> [EXTRACTED INFORMATION]
============================================================

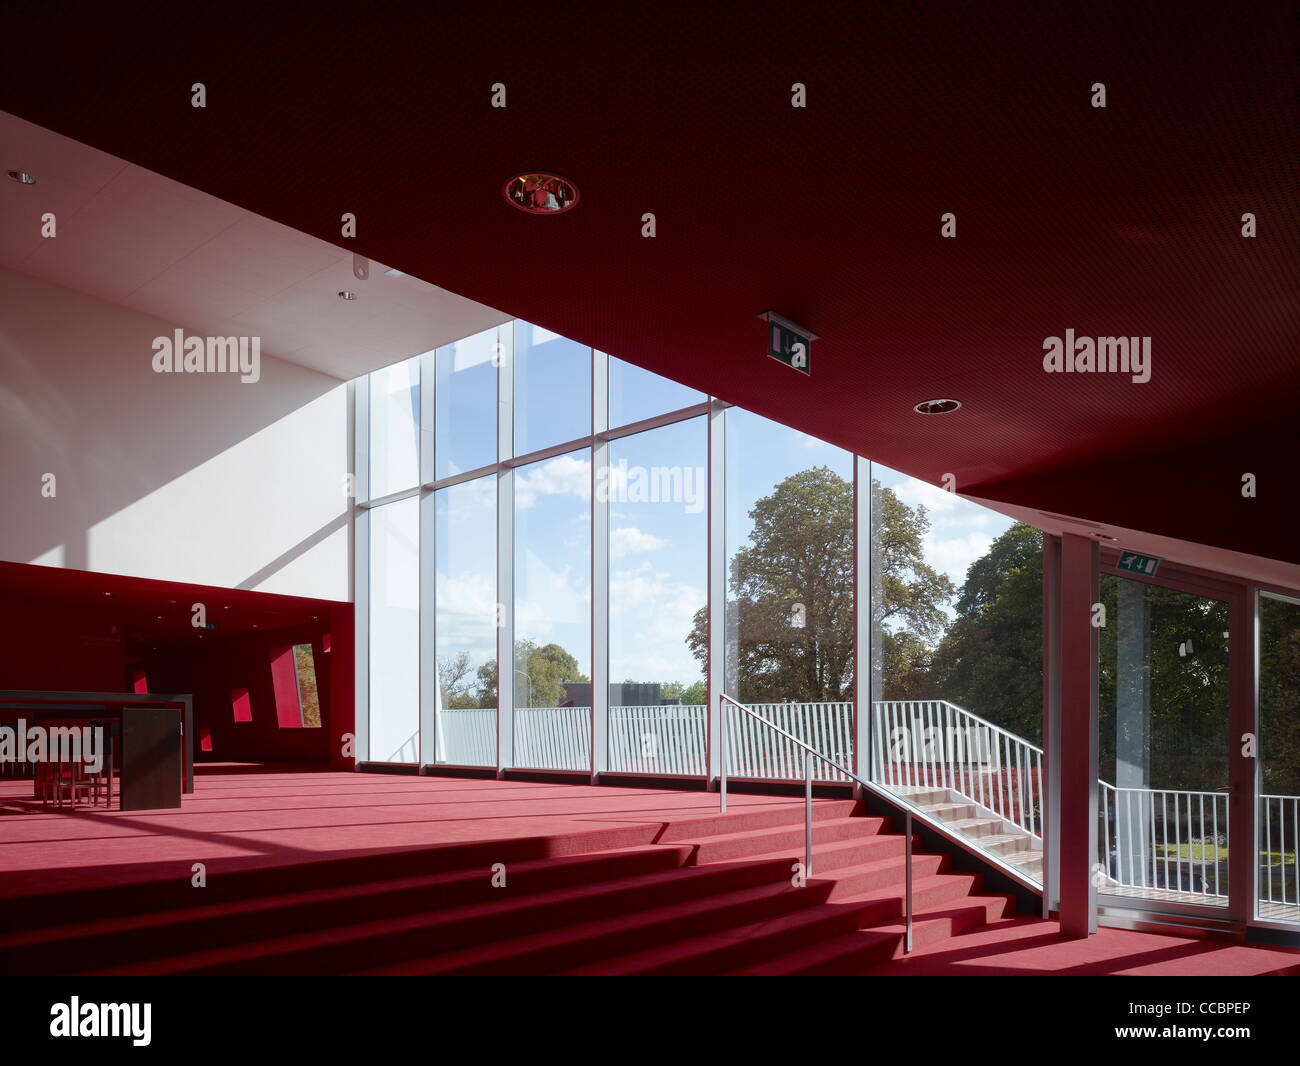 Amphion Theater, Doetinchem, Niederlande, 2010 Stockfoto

============================================================

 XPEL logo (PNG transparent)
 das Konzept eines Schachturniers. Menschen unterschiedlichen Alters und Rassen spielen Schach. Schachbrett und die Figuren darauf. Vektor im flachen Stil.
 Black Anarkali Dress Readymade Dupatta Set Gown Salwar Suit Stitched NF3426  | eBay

============================================================

> [WHAT YOU HAVE TO DO]
Return only the stretch of the material above from the line holding "XPEL logo (PNG transparent)" through the line holding "Black Anarkali Dress", copied exactly.

> [RESPONSE]
 XPEL logo (PNG transparent)
 das Konzept eines Schachturniers. Menschen unterschiedlichen Alters und Rassen spielen Schach. Schachbrett und die Figuren darauf. Vektor im flachen Stil.
 Black Anarkali Dress Readymade Dupatta Set Gown Salwar Suit Stitched NF3426  | eBay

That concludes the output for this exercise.